Is bird flu evolving? ask many readers. Numerous warnings that the Avian Influenza virus will mutate and cause a pandemic have been in the scientific news services over the last few months. As a result we have received many questions about whether the virus is evolving.

Editorial Comment: Bird flu is one of a number of variants of the Influenza A virus. This virus does undergo regular and sometimes rapid changes that enable it to cause epidemics in birds, animals and people, but these are not evolution.

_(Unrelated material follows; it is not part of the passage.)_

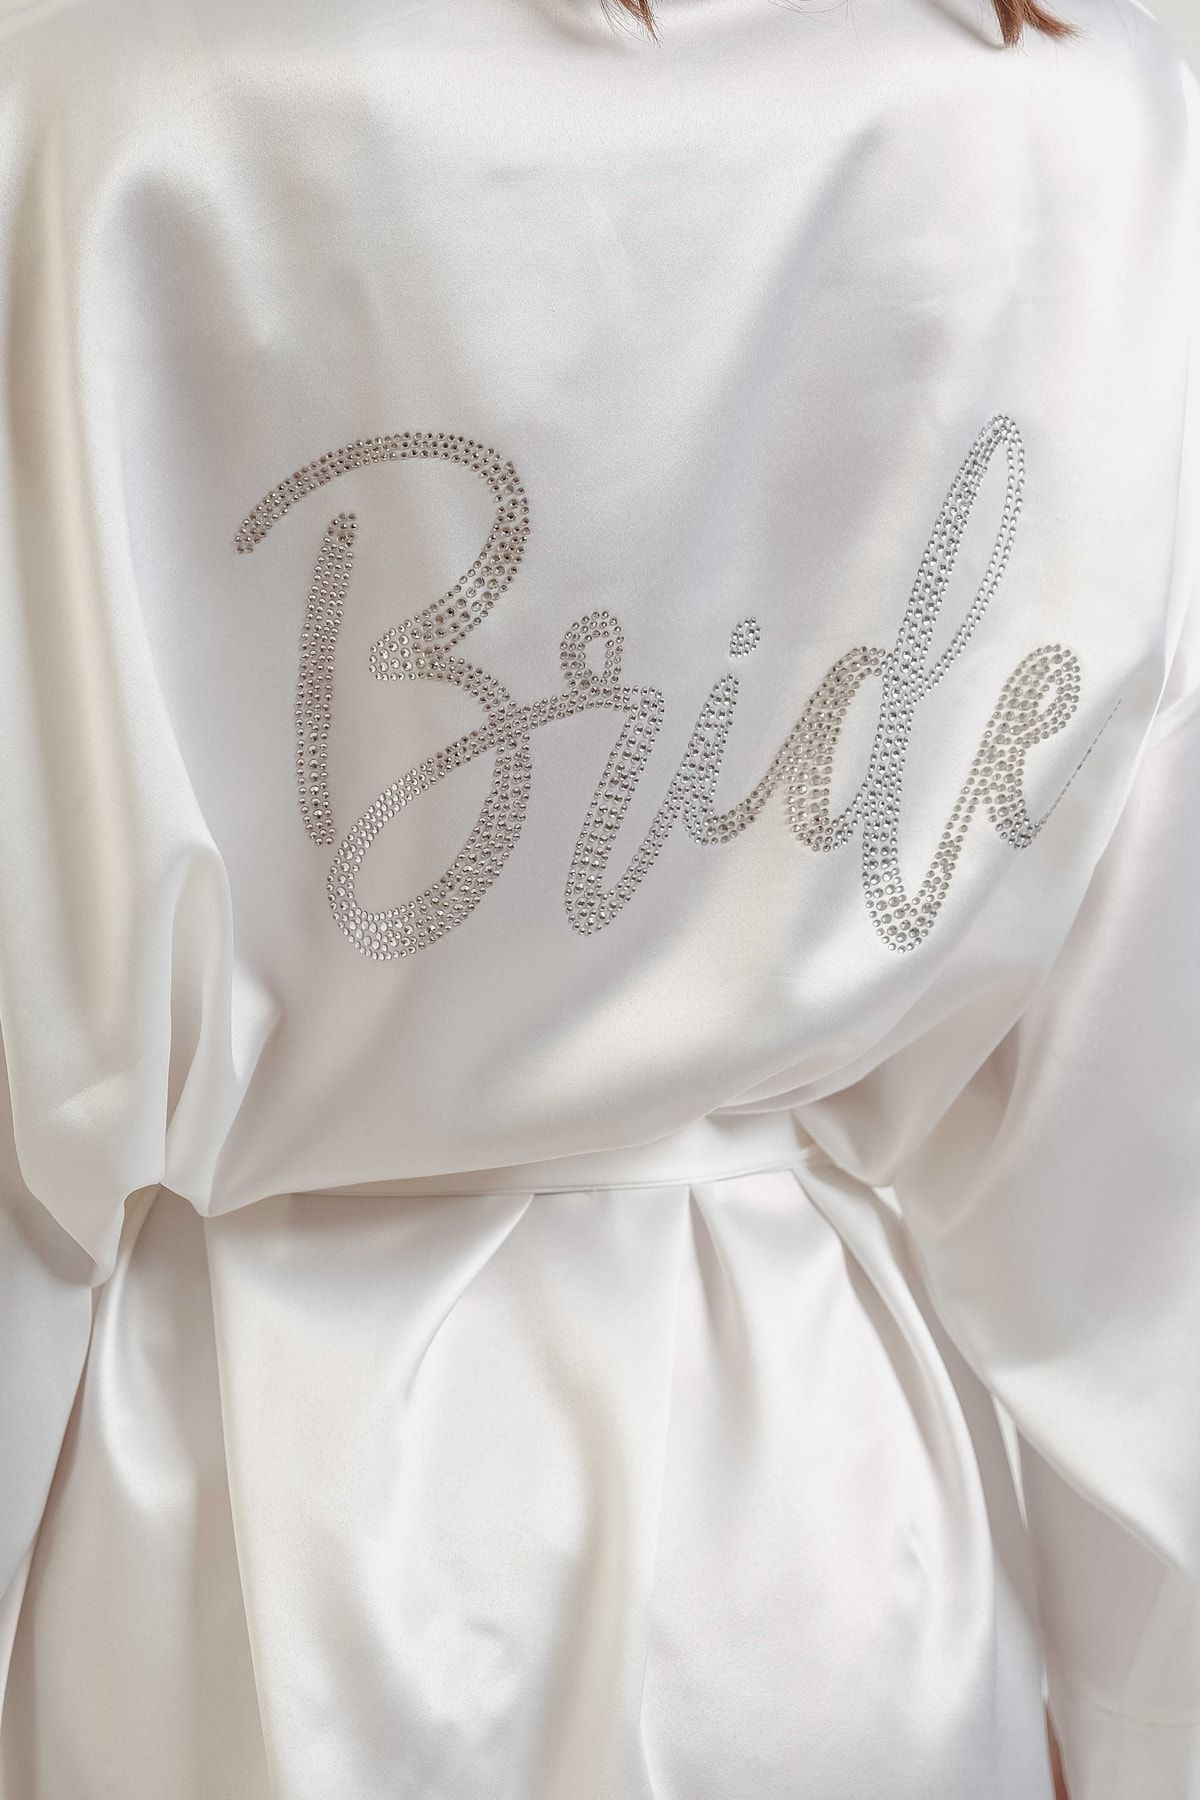 MK MODA ATELİER Kadın Gelin Beyaz Mini Kuşaklı Şık Taşlı Bride Sabahlık

The most important way that viruses can change in a way that enables them to move to different hosts is reassortment. This occurs when two varieties of virus infect the same host. When viruses infect cells the virus is disassembled and then re-made. If two viruses infect one cell, genes from each virus can be mixed during the reassembly process. This type of re-mixing probably caused the recent SARS outbreak. Viral reassortment facilitates the movement of a virus between hosts. For example, some flu viruses can infect birds and pigs. Others can infect pigs and humans. Therefore, a bird virus and a human virus may meet in a pig and mix some genes, and the recombined bird virus can now infect humans. This does not involve making new genes, just re-distributing existing genes, so it is not evolution in any Darwinian, Neo Darwinian or Gouldian sense. They start and finish the same Kind of virus, but receive a new label as “Influenza A Virus variation (new number or letter)”.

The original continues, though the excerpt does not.